Elaborated studies by Milton Friedman, Karl Brunner, Allan Meltzer and many other economists (known as Monetarists) described already in the 1960s how and why the inflation rate follows the growth rate of money with a time lag (causal connection).
The evidence (charts above) shows that inflation is following the monetary wave from 2020/21, confirming Copernicus & the monetarists from the 20th century.
Excuse For Government Intervention
Apparently Weber/Wasner ignore history as much as they neglect basic economics. Instead the authors try to support their outdated thesis with an impressive amount of statistics & graphics. Germans call this Fleissarbeit (diligent piece of work). I suppose the statistics are just a red herring to distract from the biased ideological & anti-business approach of the paper.
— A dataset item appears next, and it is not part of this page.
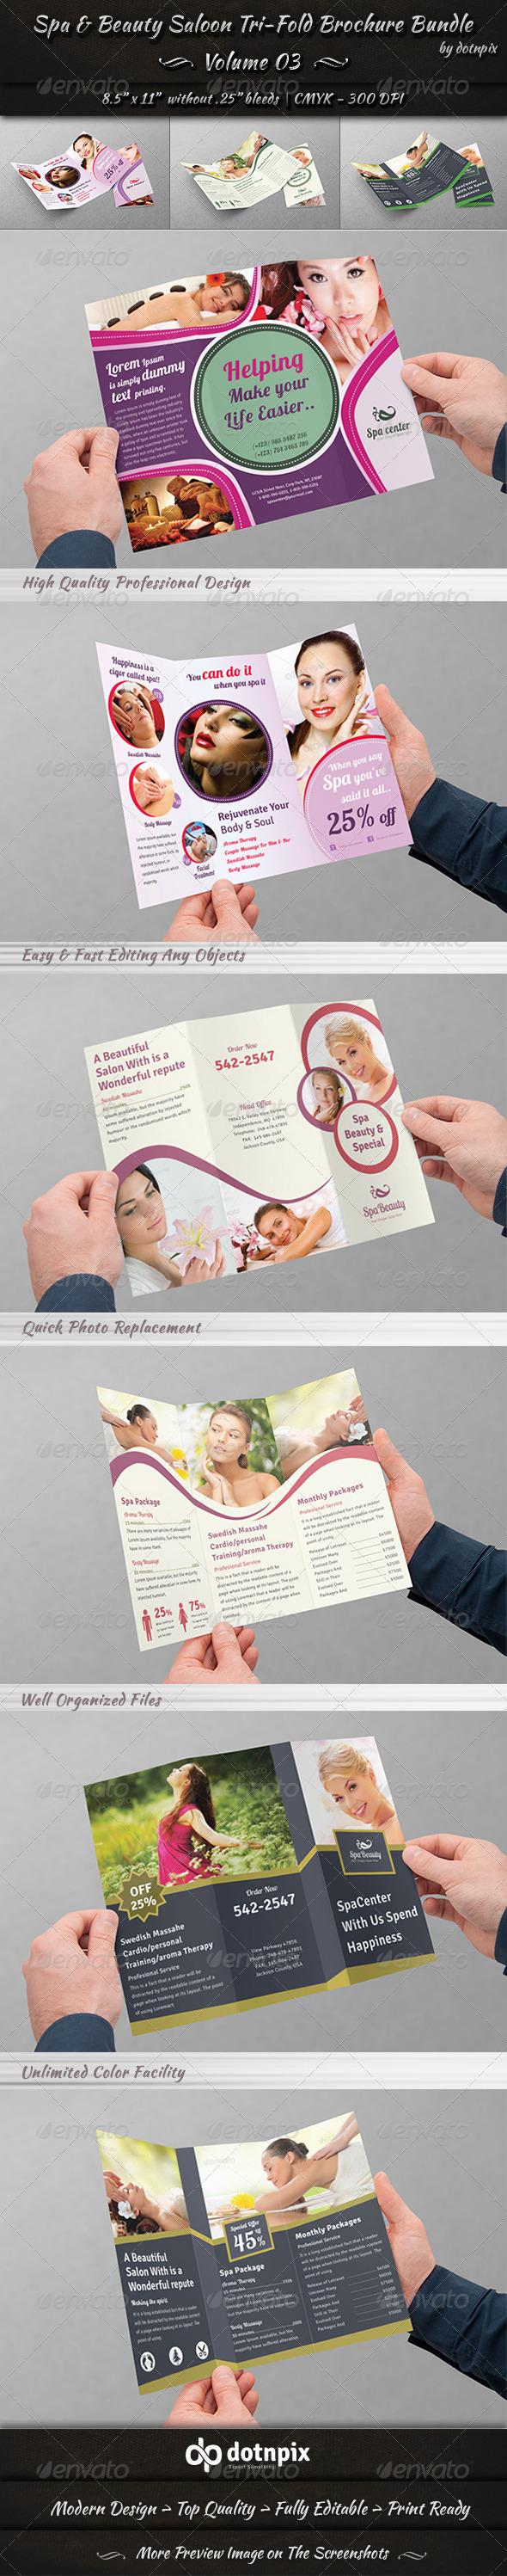 GraphicRiver Spa & Beauty Saloon Tri-fold Brochure Bundle v3 8173558

The references display an exposing list of Marxists and other left-wing authors, including Labor party advisor Nicolas Kaldor, Polish Marxian economist Michael Kalecki, central planning advocate A.P. Lerner, John Kenneth Galbraith & Paul Krugman. The authors ignored Milton Friedman and Brunner & Meltzer, the leading monetarists.
Unfortunately the paper can be used as an excuse for more government intervention & regulation and might support FTC chair Lina Khan`s crusade against free enterprise (driveby ). Maybe this is the purpose of the paper.